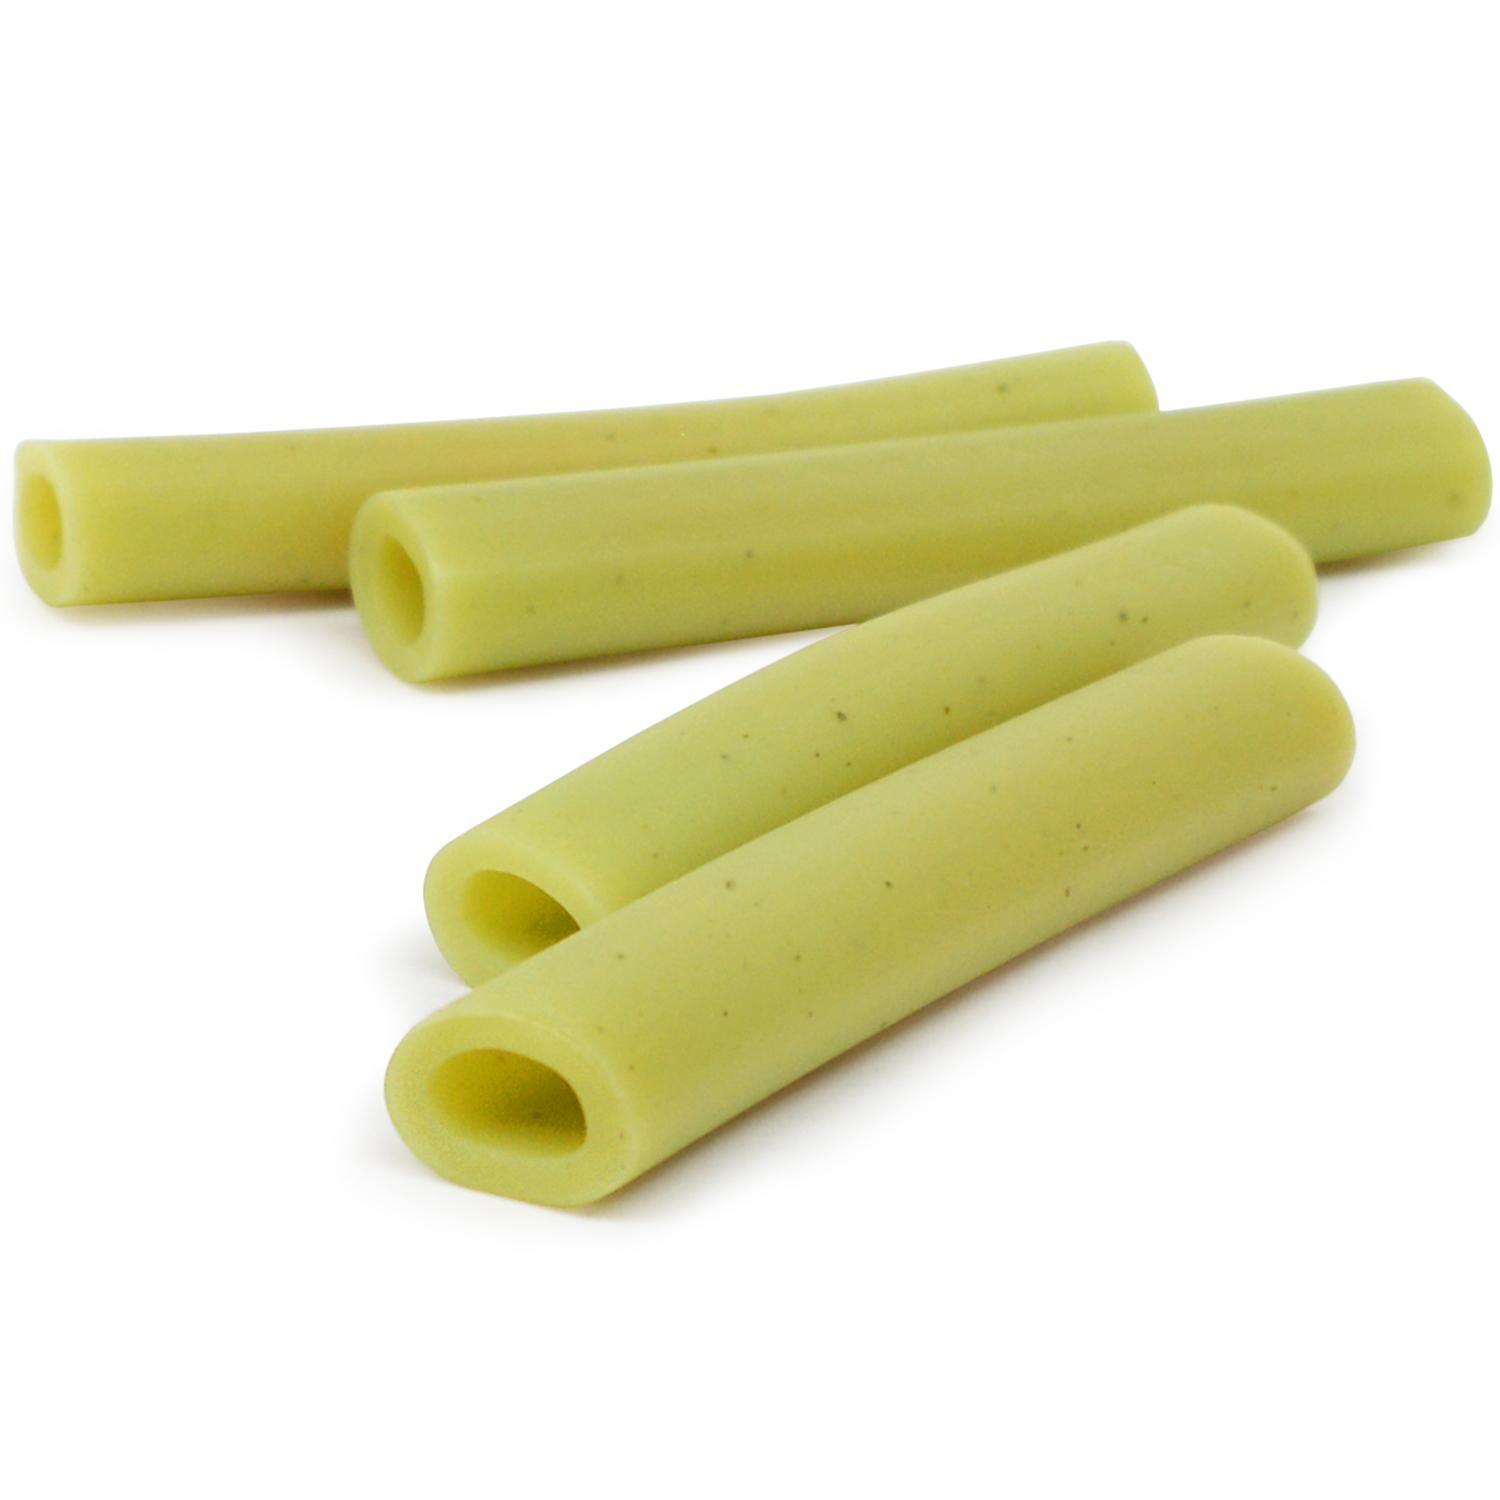 Pawtato Seaweed Tubes Vegan Dog Chews out of the pack
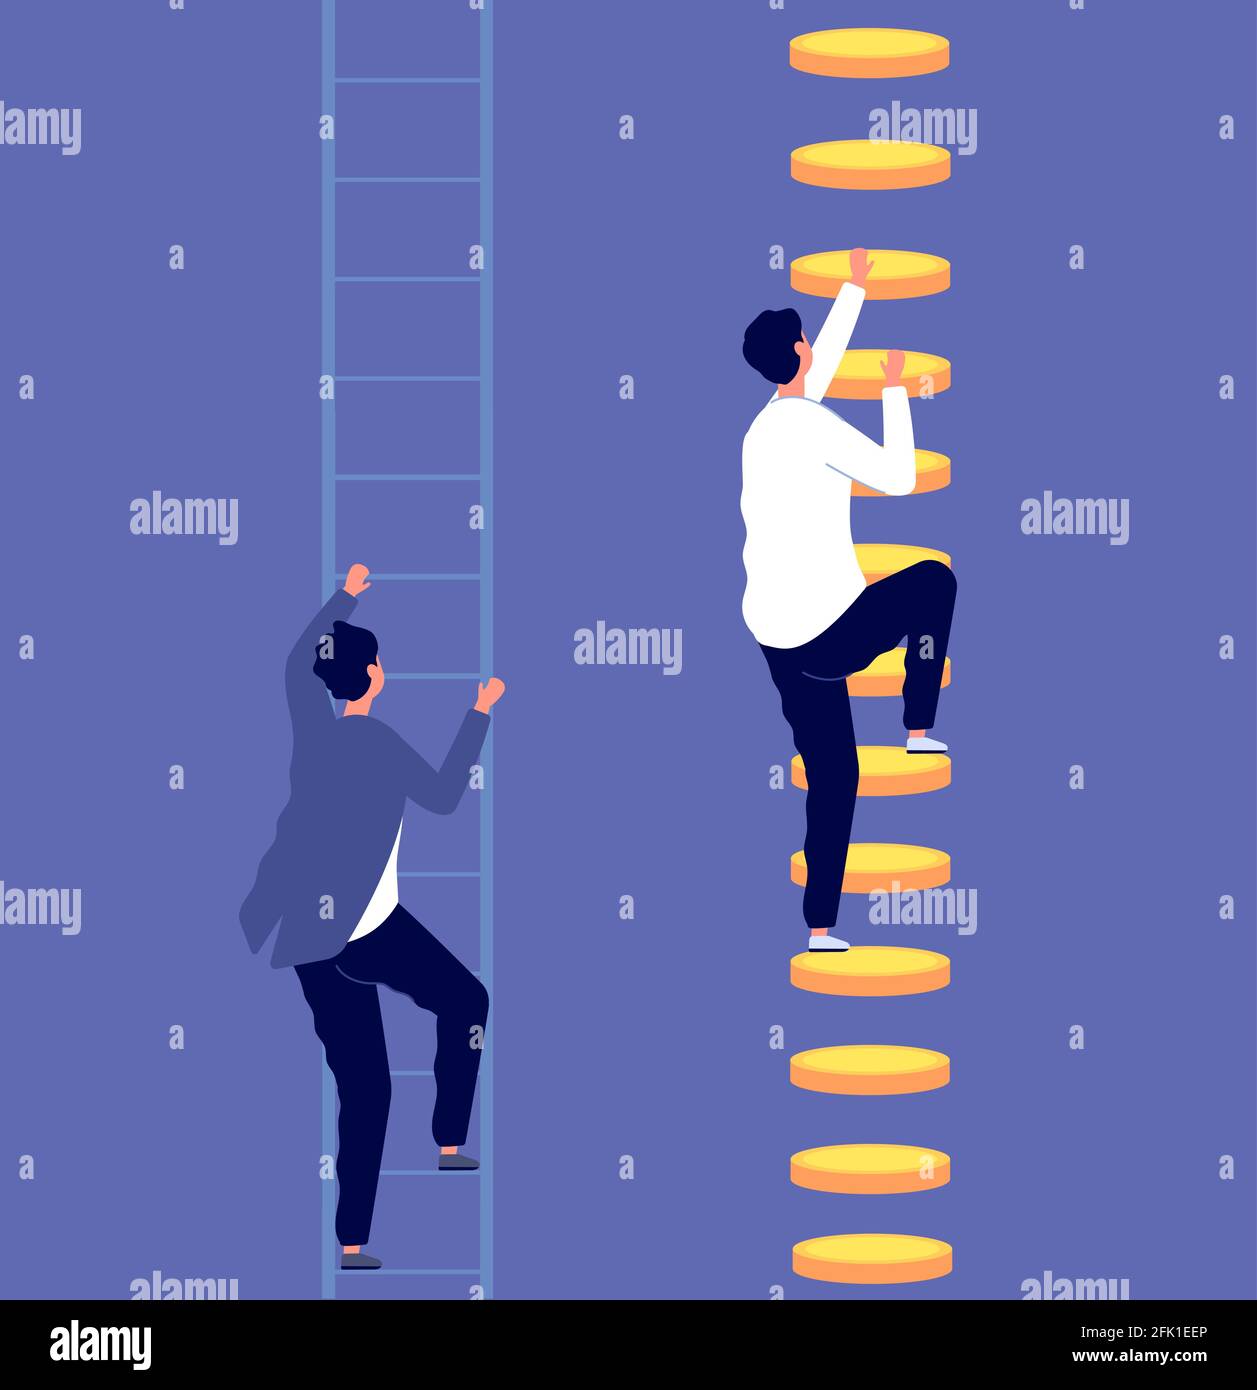 Career inequality. Social gap, employee discrimination. Tiny business professionals on ladders. Money help promotion vector illustration Stock Vector
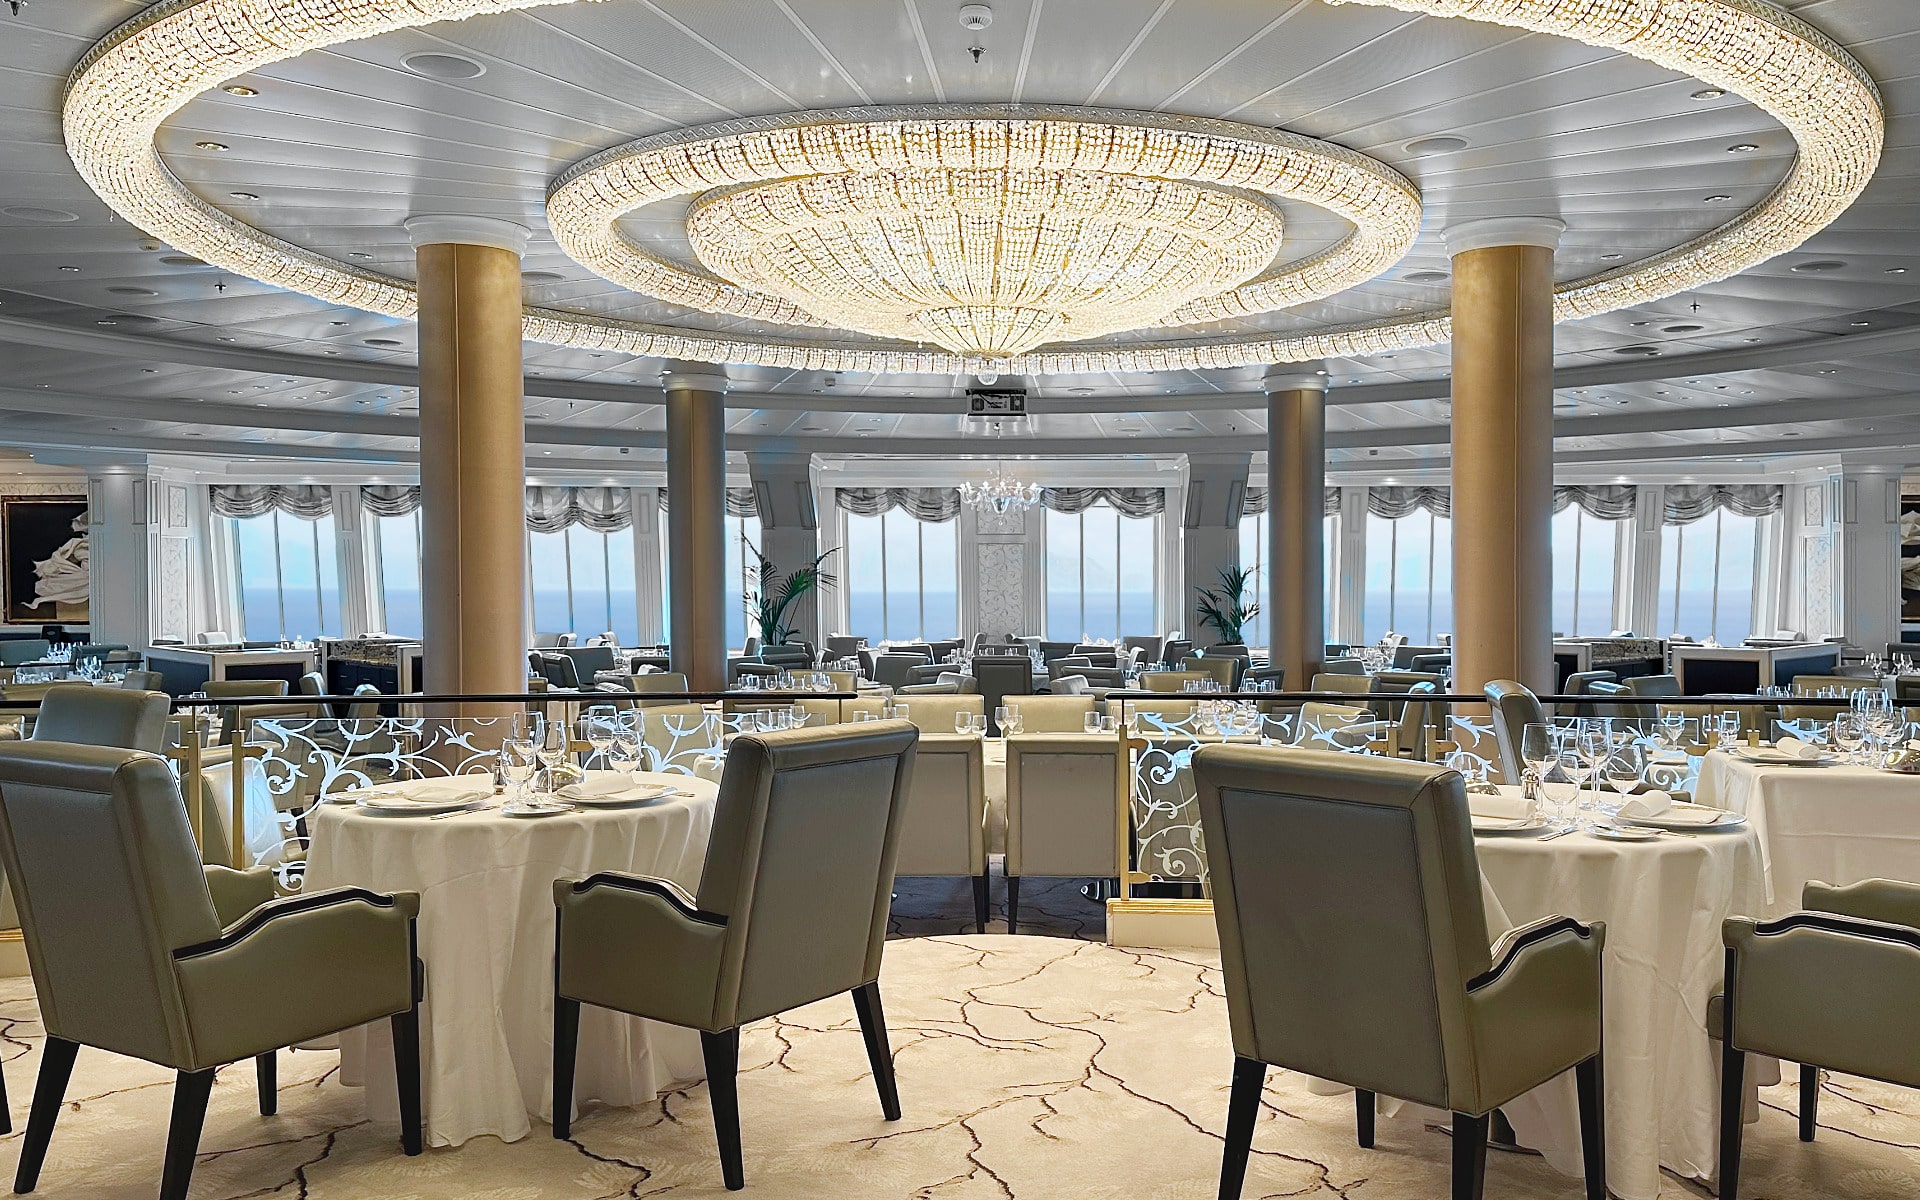 The Grand Dining Room on Oceania's Riviera cruise ship.
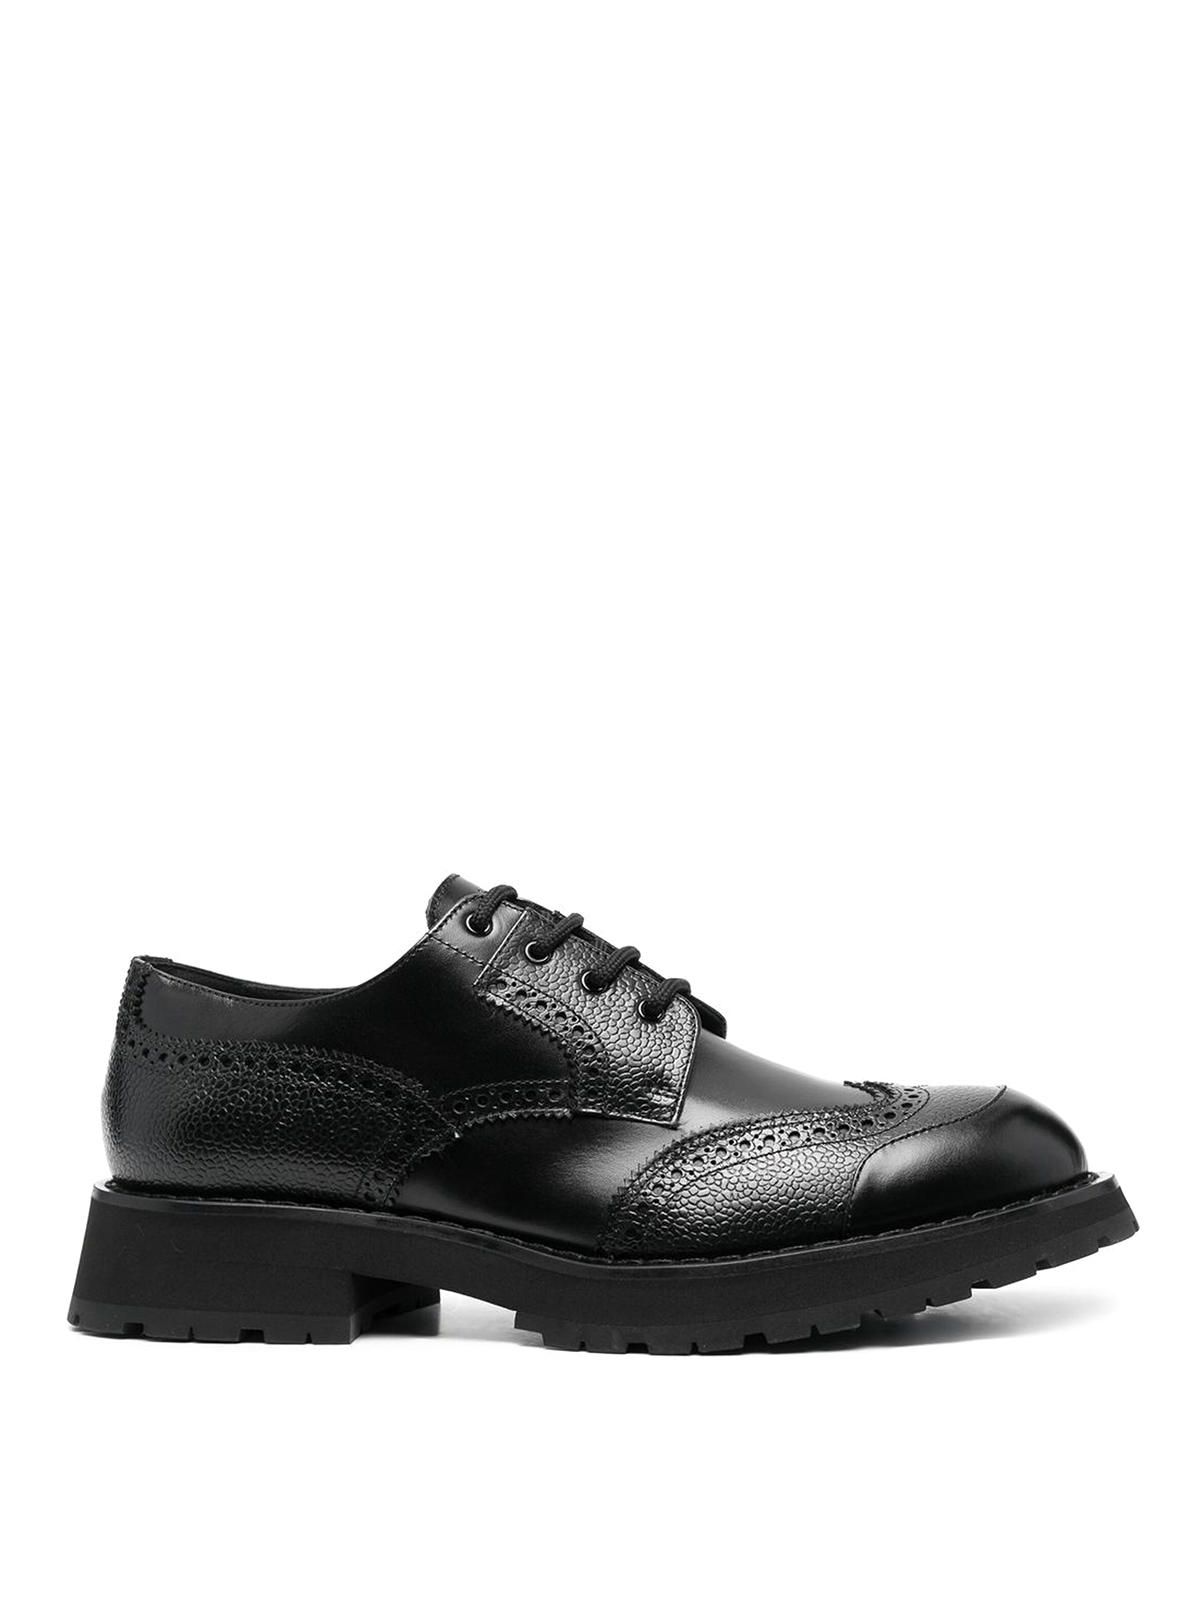 ALEXANDER MCQUEEN POLISHED LEATHER LACE-UP FASTENING BROGUES

----

◆ **ACTIVITY**: Only the lines from the first line of the listing above through the line with "The Grand Dining" should be set down, exactly and without pictures.

◆ **YOUR SOLUTION**:
 Pawtato Seaweed Tubes Vegan Dog Chews out of the pack
 Career inequality. Social gap, employee discrimination. Tiny business professionals on ladders. Money help promotion vector illustration Stock Vector
 The Grand Dining Room on Oceania's Riviera cruise ship.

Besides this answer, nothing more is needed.